I use it to sync all my photoshop projects and documents from my different machines to my server and to have access to those files from my phone , it’s the first thing I install when I do a fresh install of my os since everything I use is there
I use it to manage my documents, backup my photos from my phone to my server and access all my files from any other device. Basically Nextcloud is my replacement for OneDrive.
Additionally, I have used it in the past to collaborate on various group projects which require documents. For example, I had to make a presentation with some other people and I could create a PowerPoint in Nextcloud, send a share link to others and then we could edit the PowerPoint in realtime with Nextcloud + Collabora, which is pretty cool. It’s the only FOSS alternative (at least as far as I’m aware of) that can compete with Microsoft 365 / Google Workspaces.

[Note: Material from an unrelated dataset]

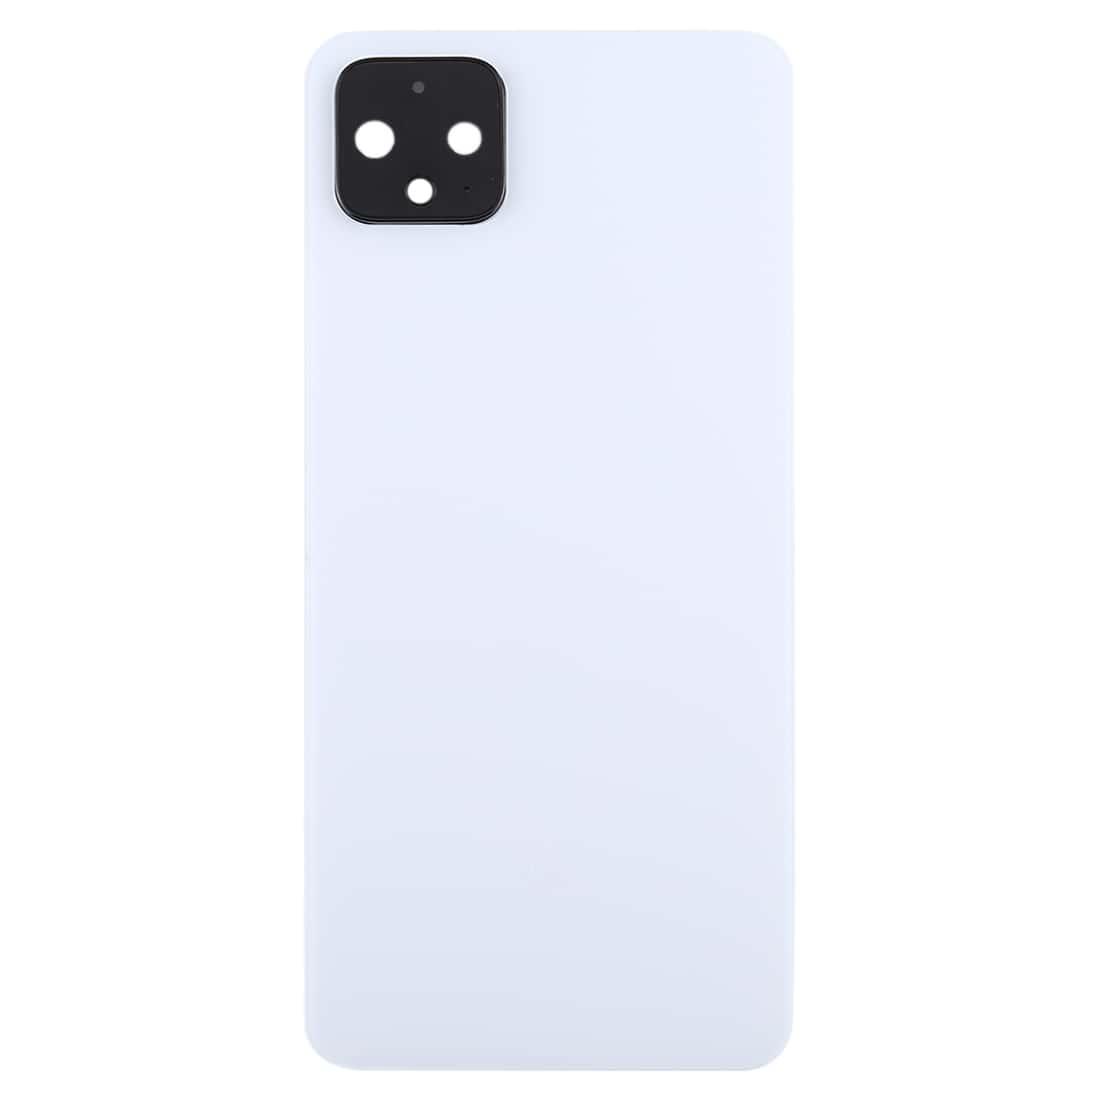 Back Glass Panel for Google Pixel 4XL White with Camera Lens
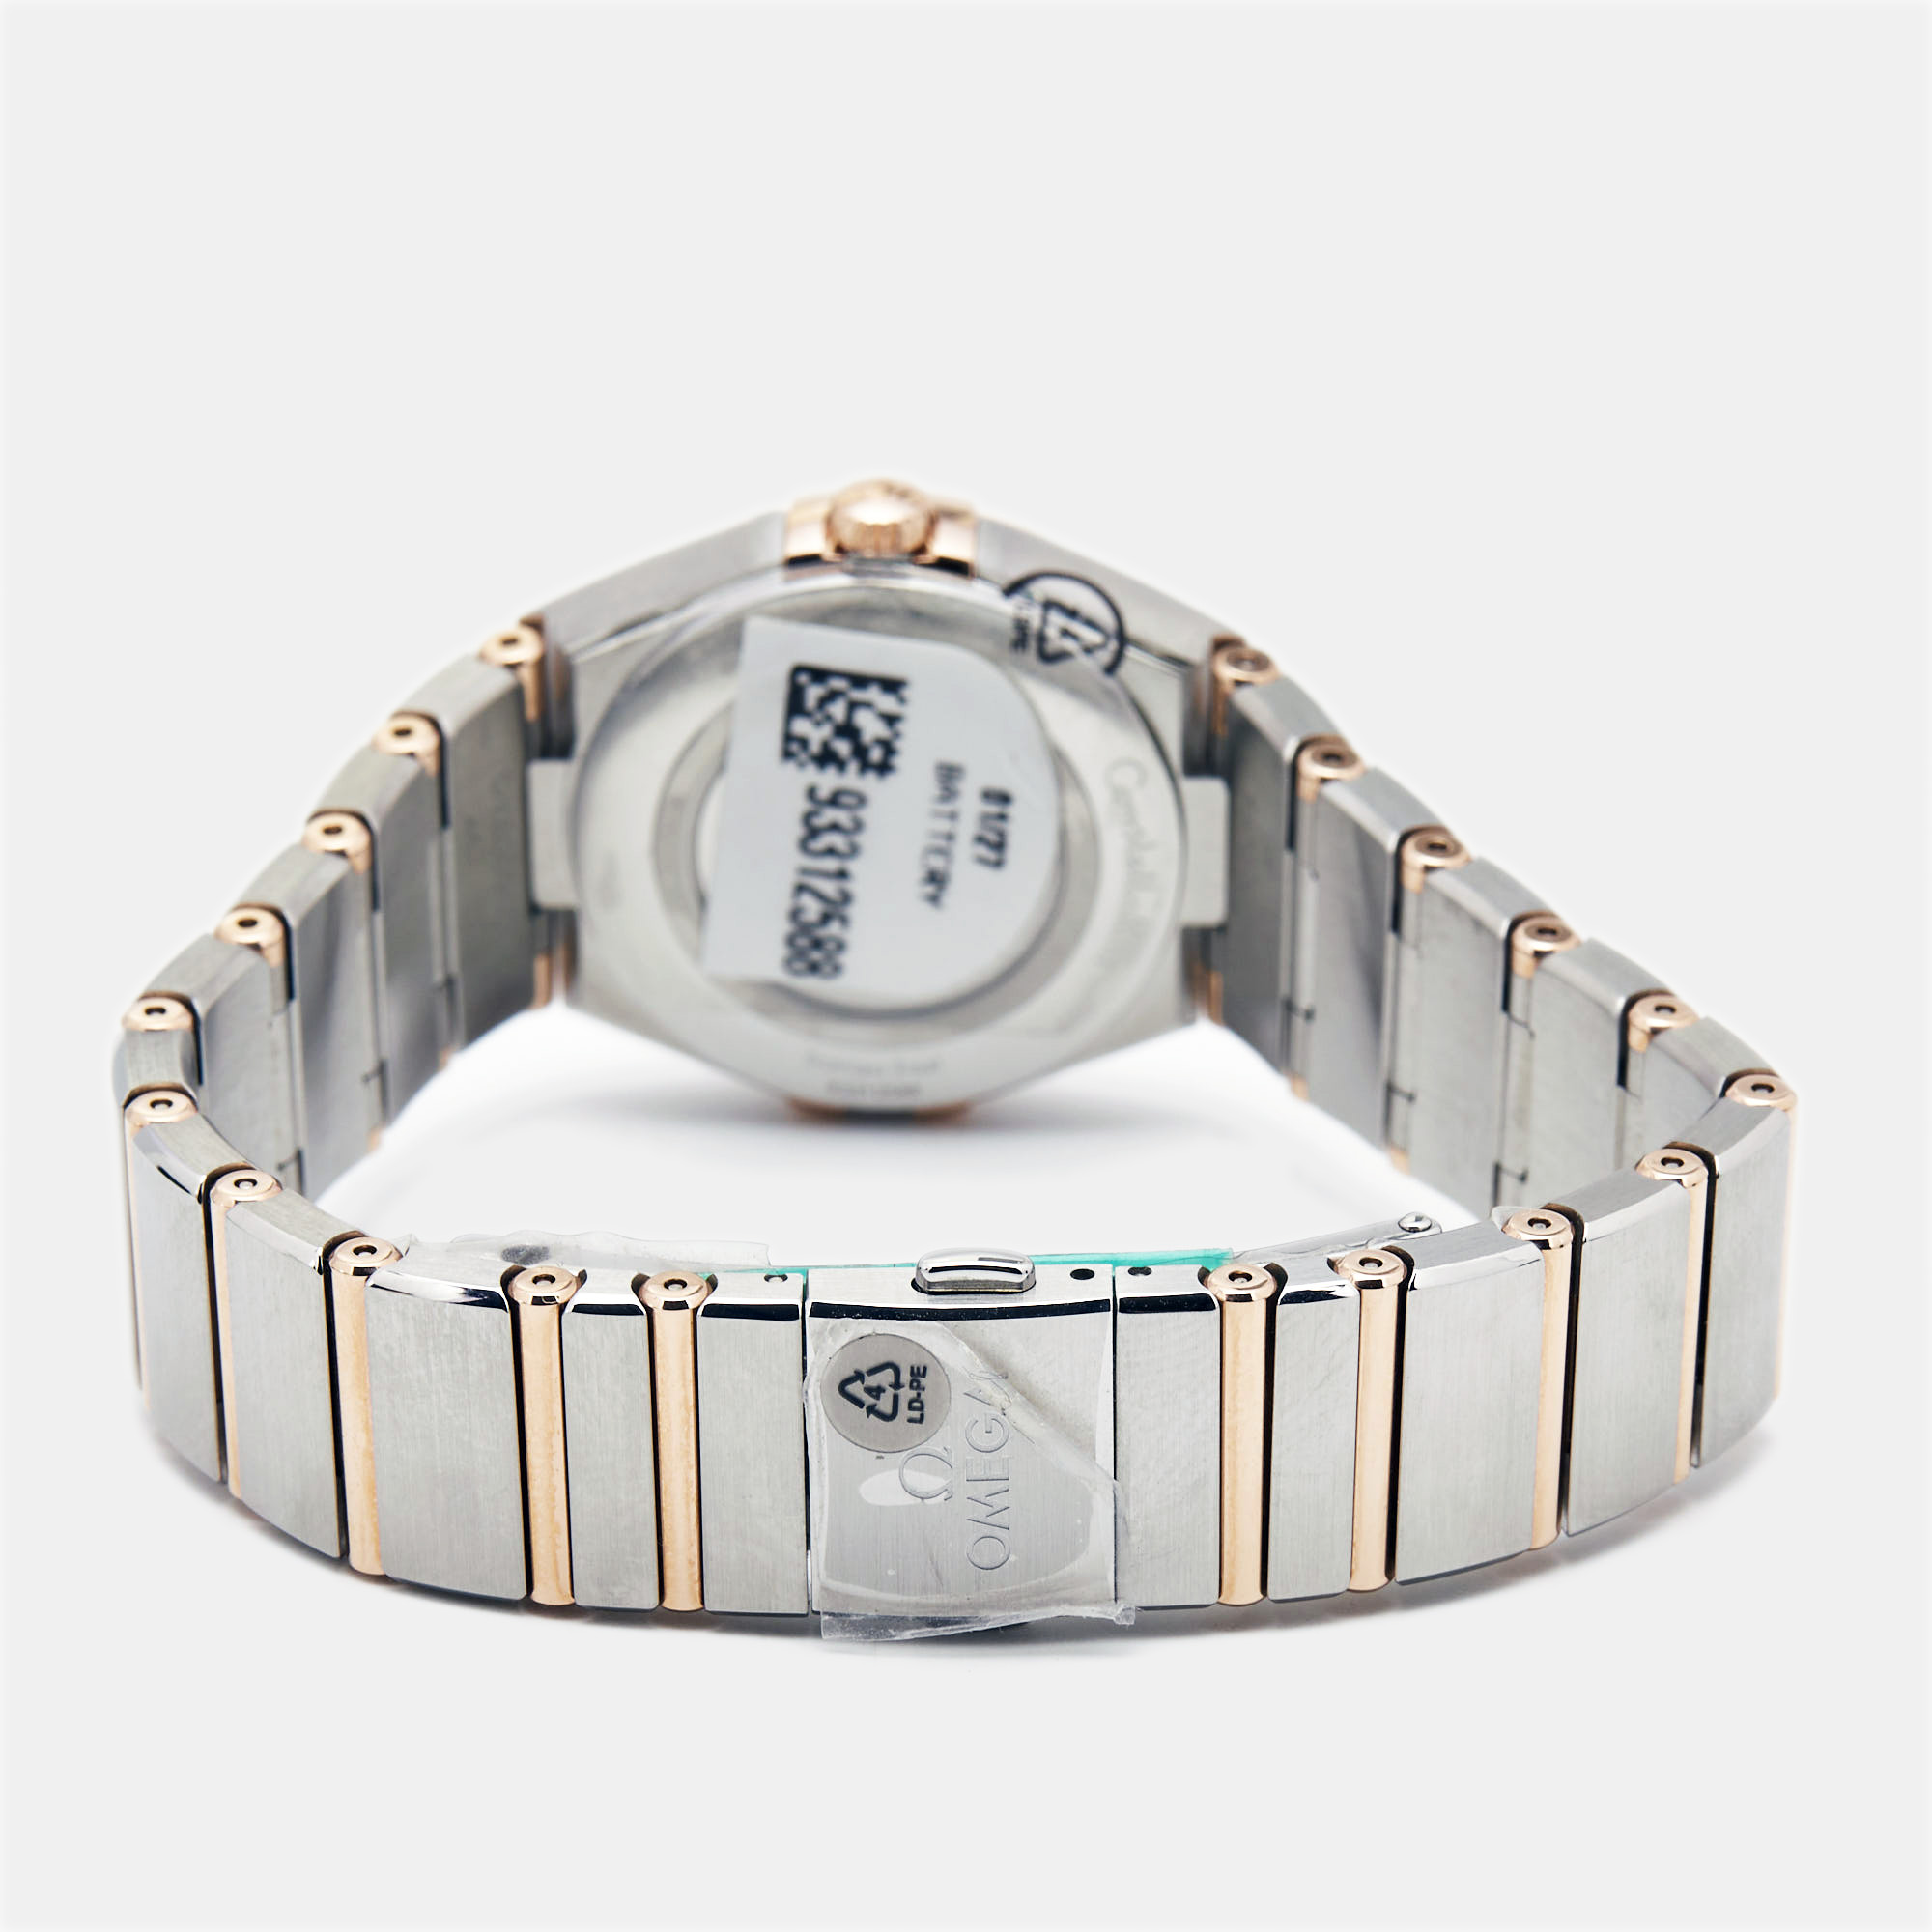 Omega Mother Of Pearl 18K Rose Gold Stainless Steel Diamond Constellation 131.20.28.60.55.001 Women's Wristwatch 28 Mm

Came here to say the same. The integration with Collabora is wonderful. I used FileRun and FileBrowser with OnlyOffice in the past, and the experience was totally different (a part that OnlyOffice messes with Excel/Spreadsheets pivot tables, or at least one year ago, making it impossible for people to work with them). I understand the hate, but currently, at least for me, is the closest experience to O365 .
I used it mostly for calendar and adressbok synchronization between devices bit the performance was so bad O had to replace it.
What did you replace it with? In my case I love my Nextcloud because I have my calendar, adress book, tasks, notes, RSS feed, etc. all in one app but I’m interested to hear alternatives to it
Thank you, I’ll try them out when I find the time :)
Could you expand a bit more on the LDAP part? I’m thinking of rolling something like that myself but not sure if it’s worth it
I tried a couple of LDAP solutions out there; Windows Server AD, Open LDAP, Samba4 in Debian, TurnKey Solutions LDAP before finally settling on Zentyal. It has a nice to use web GUI and can work in conjunction with AD RSAT tools that I have installed in a throwaway Windows VM for when I need more granular controls the web GUI can’t do.
All my Debian VM’s and laptops connect to Zentyal AD via SSSD.
And how many users are in your ldap config?
Two users and a handful of service accounts. I use it so I have a centralized user authentication system instead of managing multiple individual user accounts.